* **INFORMATION PROVIDED**
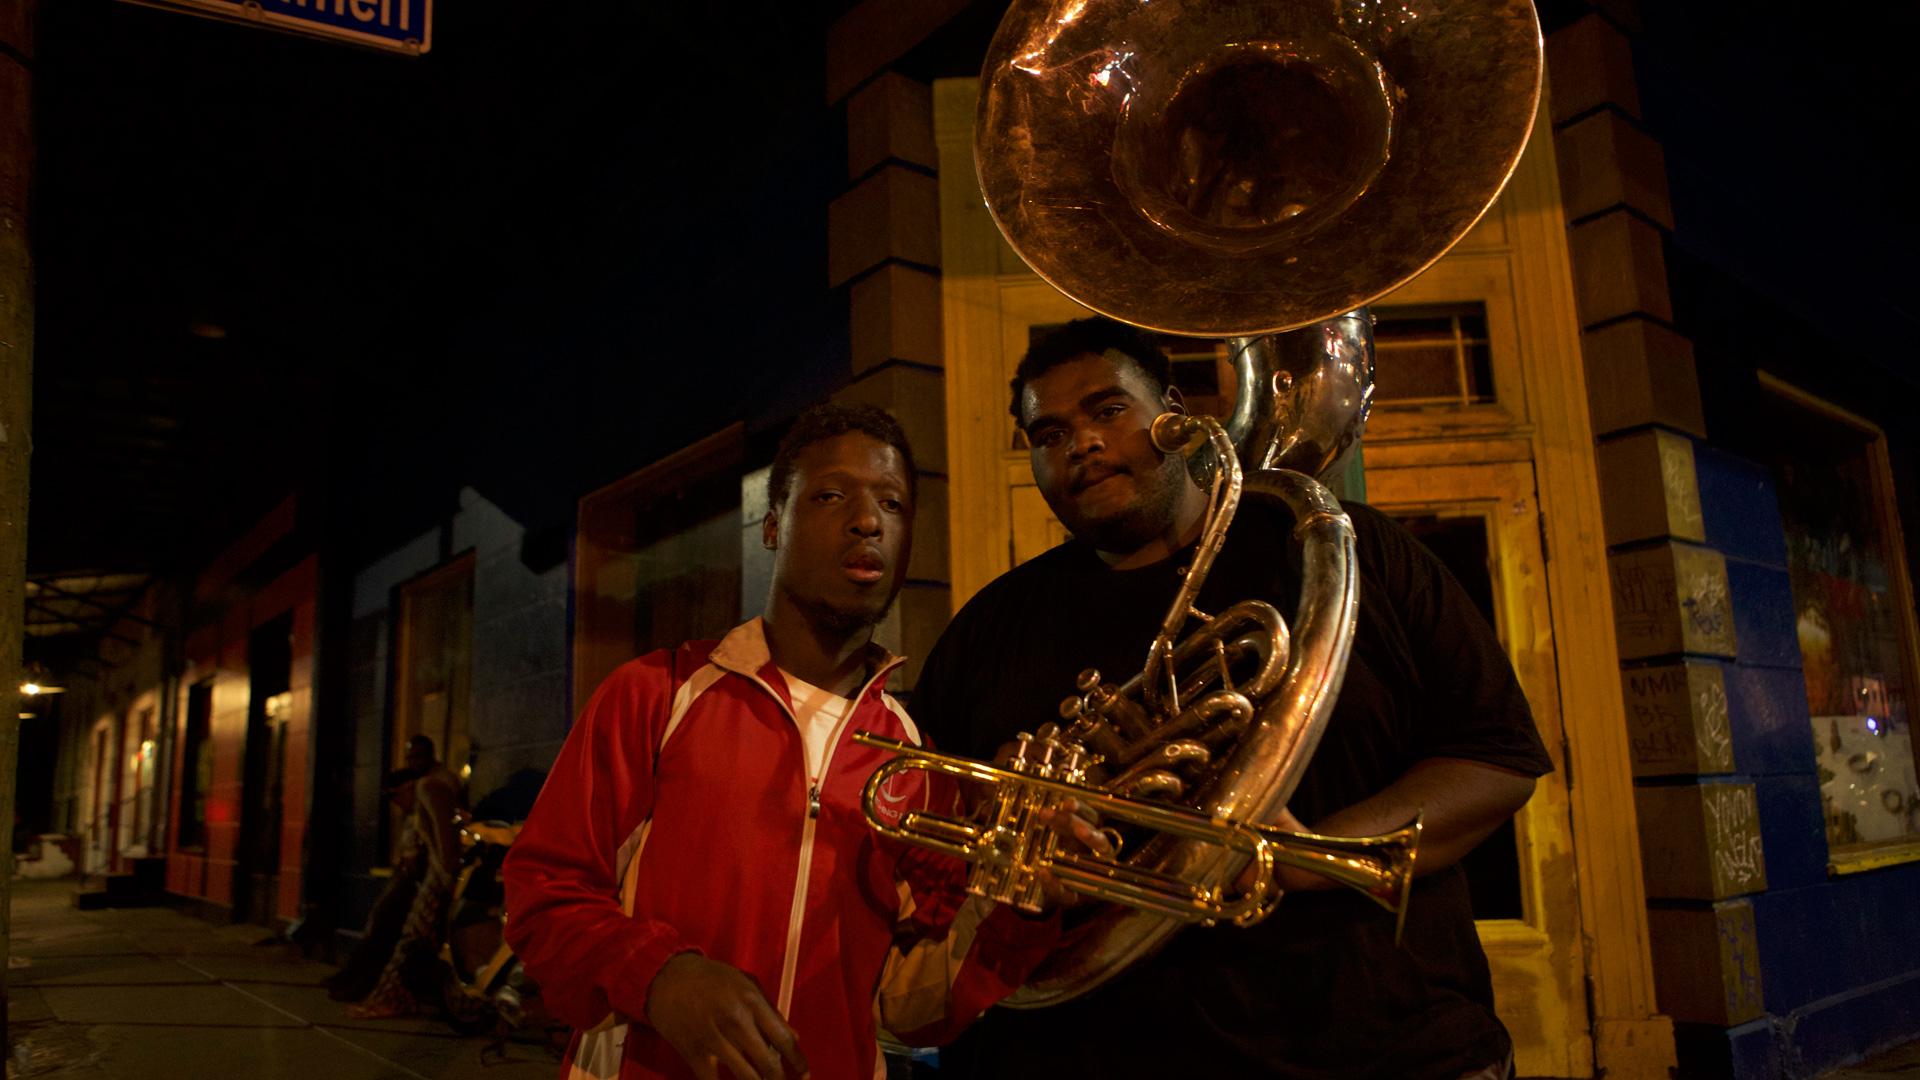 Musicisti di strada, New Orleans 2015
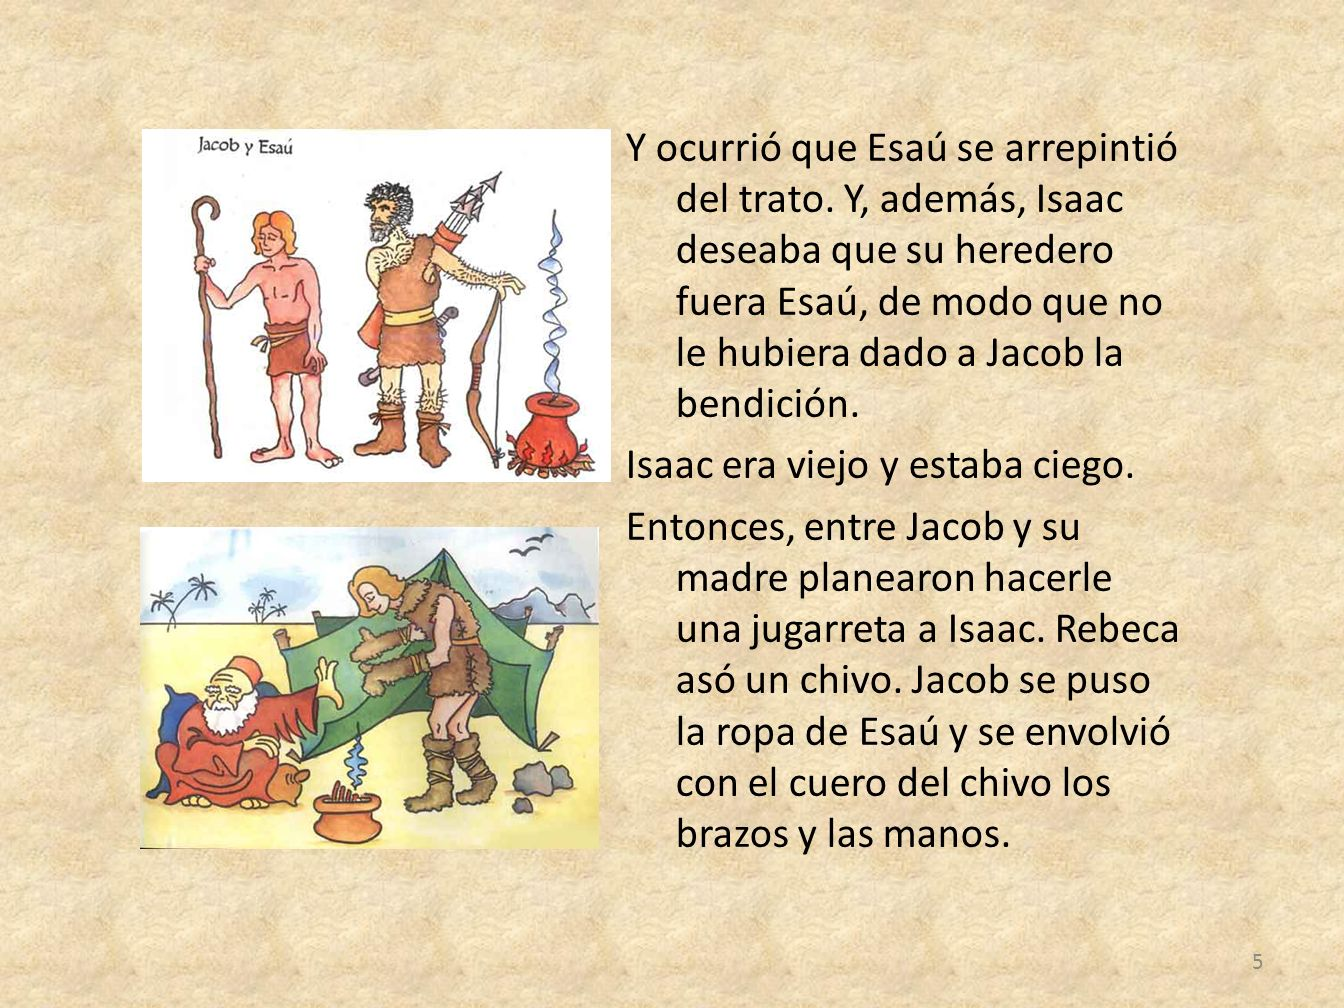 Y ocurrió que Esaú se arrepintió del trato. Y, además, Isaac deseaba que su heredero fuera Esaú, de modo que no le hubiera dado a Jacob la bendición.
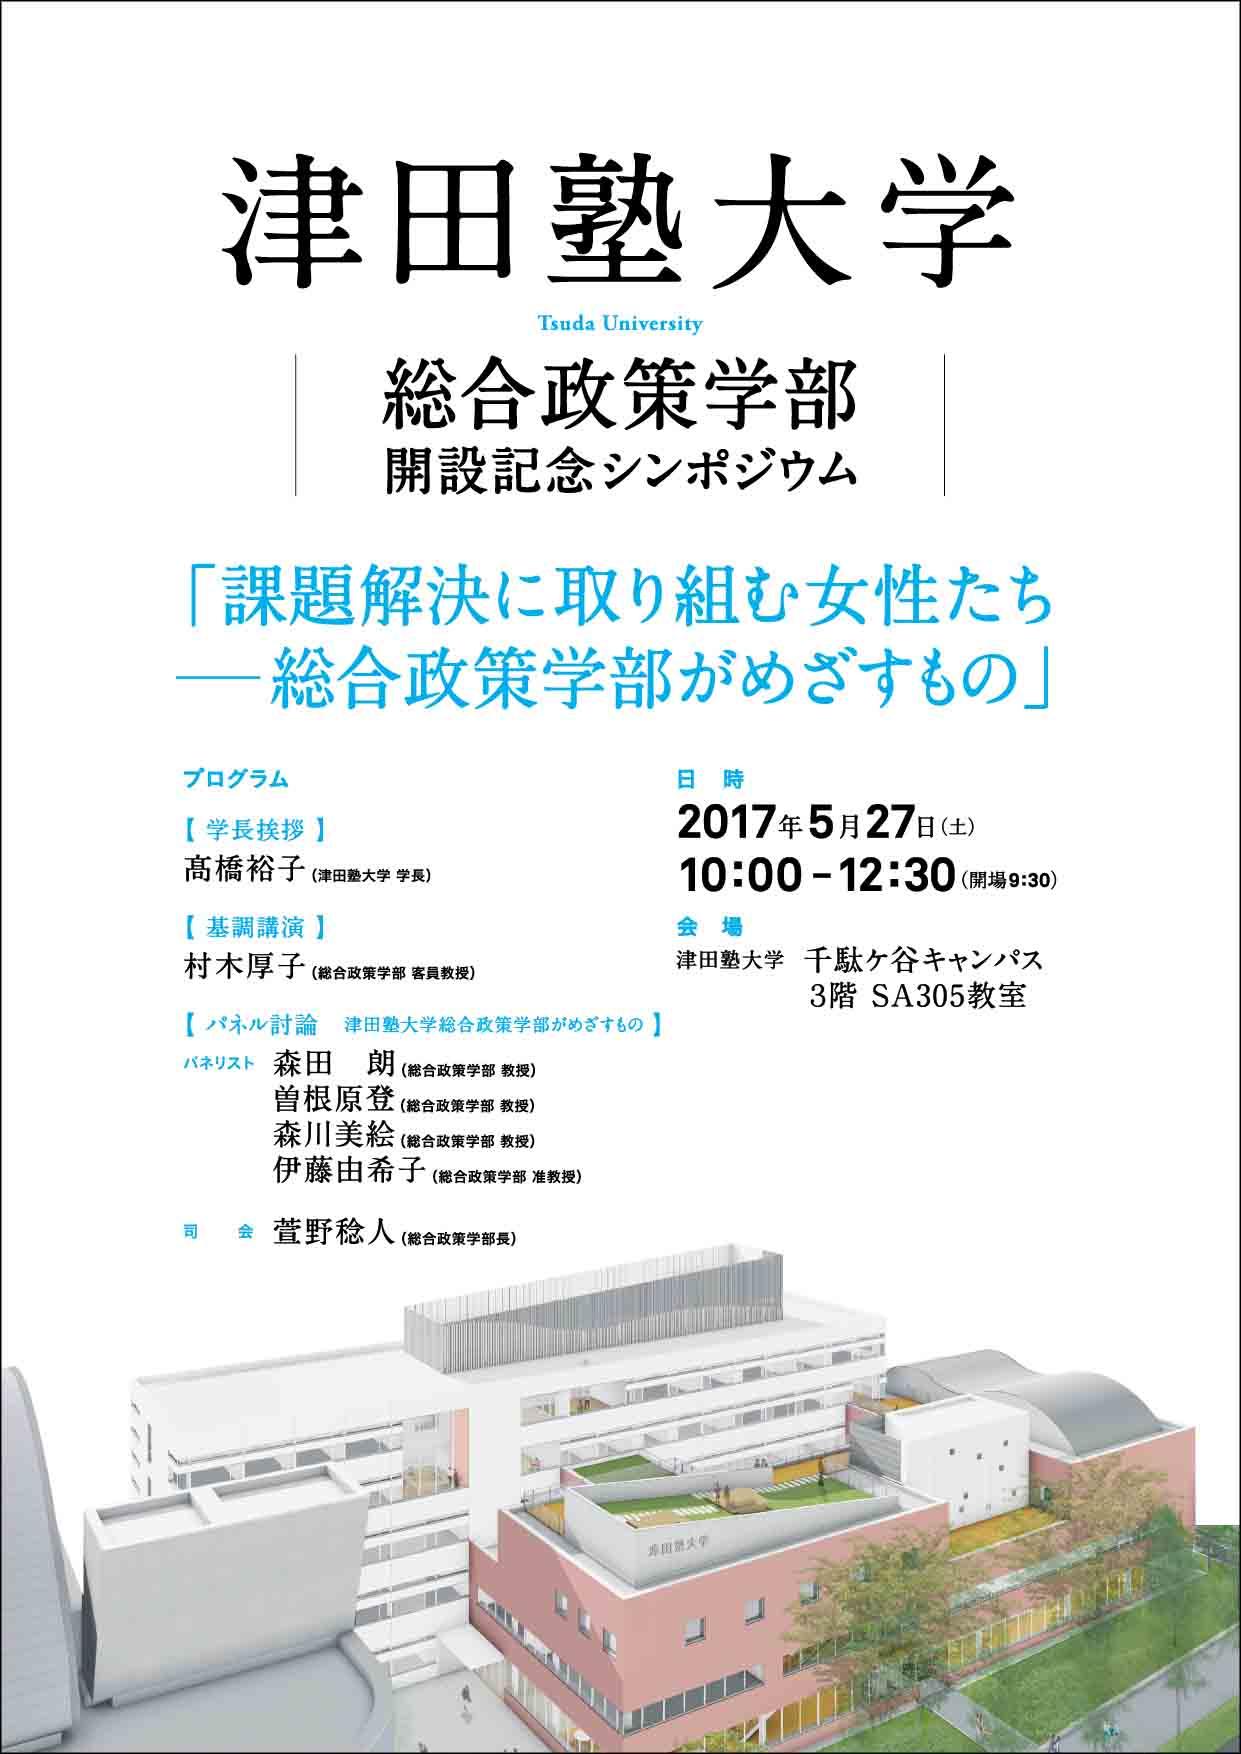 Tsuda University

* **TASK ITEM**
The result should be the listing above, restated exactly, with no pictures in it.

* **SOLUTION TO THIS PROBLEM**
 Musicisti di strada, New Orleans 2015
 Y ocurrió que Esaú se arrepintió del trato. Y, además, Isaac deseaba que su heredero fuera Esaú, de modo que no le hubiera dado a Jacob la bendición.
 Tsuda University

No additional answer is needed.